Conjurer le réel

Conjurer le réel

A Munich, ainsi probablement que dans beaucoup d’autres endroits en Allemagne, lorsque la ville se couvre de neige, deux petits crochets aux murs des rues révèlent soudain leur utilité : on y installe une pancarte où l’on peut lire : « Vorsicht, Dachlawinen » – attention à la neige qui tombe des toits. A intervalles réguliers, les rues nous rappellent cela, que la neige tombe.

Ce qui pourrait être gentiment qualifié de prudence excessive prend un autre sens dans le contexte de la métropole. Il nous indique que la dissolution avancée des anciennes formes de la propriété privée, loin d’abolir le régime de la responsabilité qu’elles impliquaient, étend potentiellement cette responsabilité à la totalité de l’existant.
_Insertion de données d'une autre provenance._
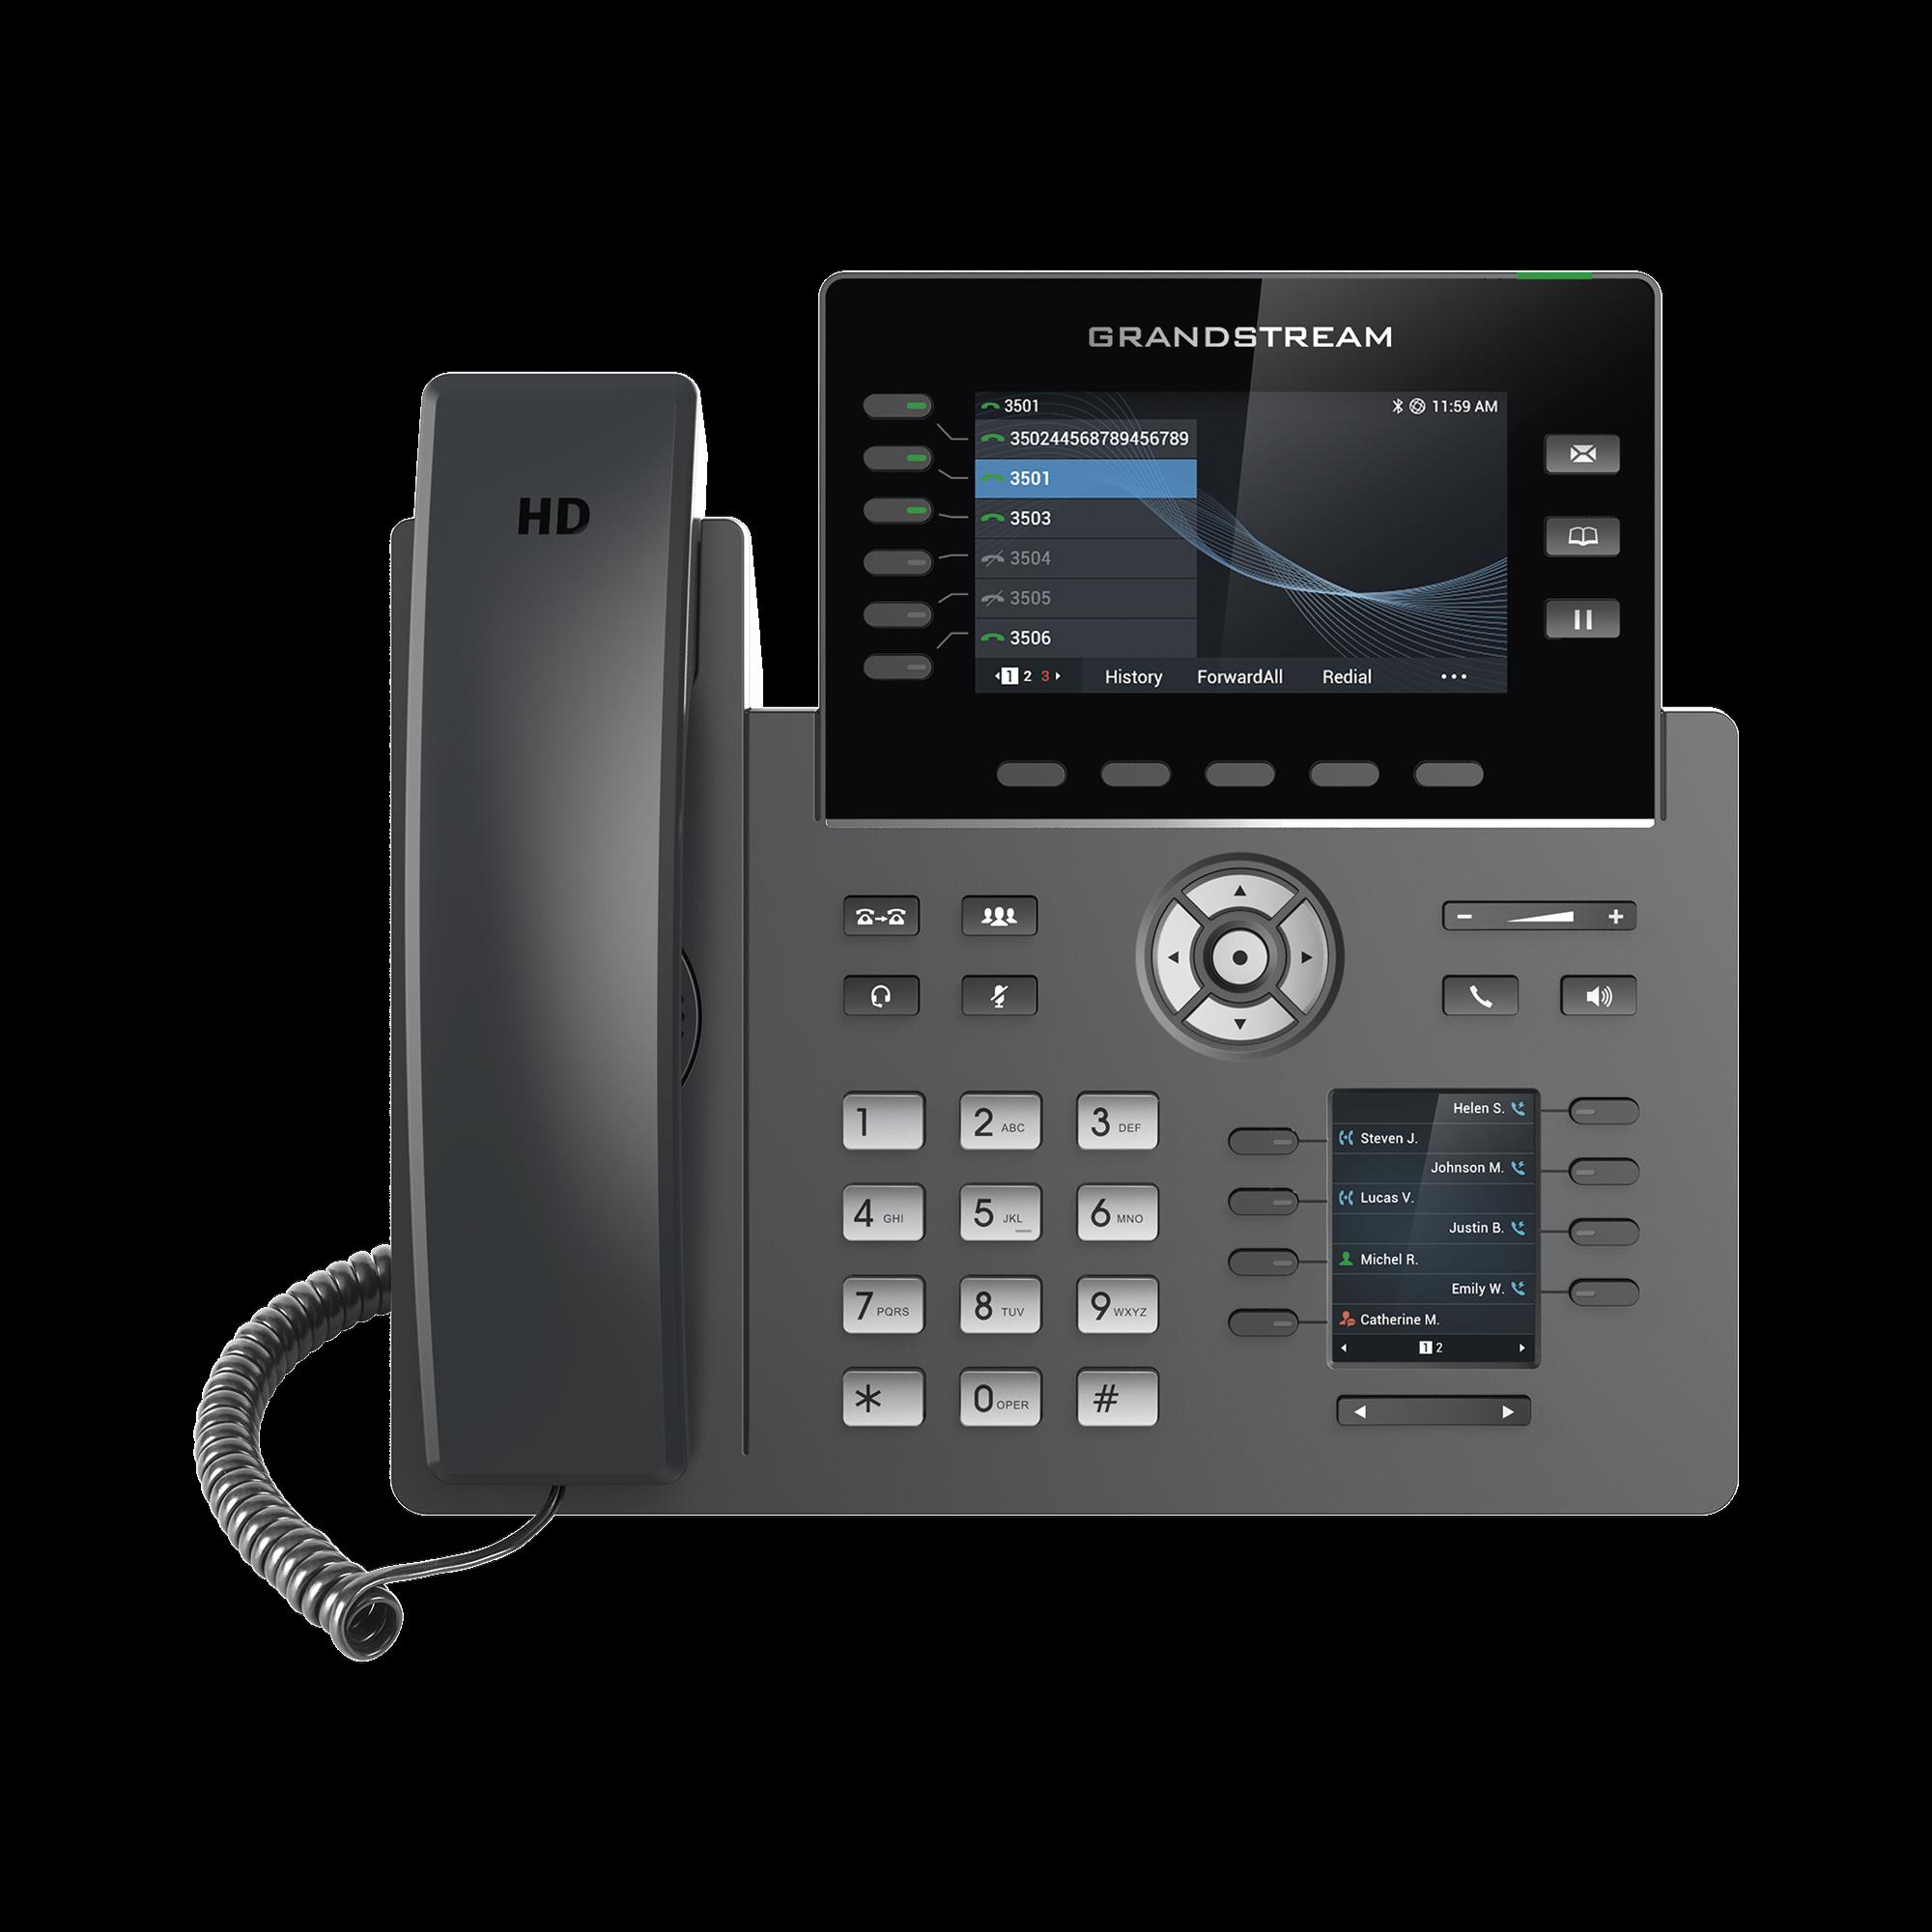 Teléfono IP Wi-Fi, Grado Operador, 6 líneas SIP con 6 cuentas, pantalla a color 2.8, puertos Gigabit, Bluetooth, PoE, codec Opus, IPV4/IPV6 con gestión en la nube GDMS

Pour un nombre croissant d’objets, nous ne possédons plus la chose en propre, mais l’assurance qu’une telle chose restera à notre disposition à travers la garantie des remplacements par une pièce plus ou moins équivalentes. Cela déplace la question du dommage vers celle de la responsabilité du dommage. Il est absolument réparable. Mais qui l’a causé ? De cela dépend le retour à neuf de la chose.

La vie peut donc être responsable sans pour autant être coupable. Sans avoir commis de faute, elle peut avoir causé un dommage ; sans que le propriétaire puisse intenter un procès, une assurance peut établir une responsabilité. En retour la vie elle-même s’assure systématiquement contre ces fautes menaçant partout de s’ouvrir.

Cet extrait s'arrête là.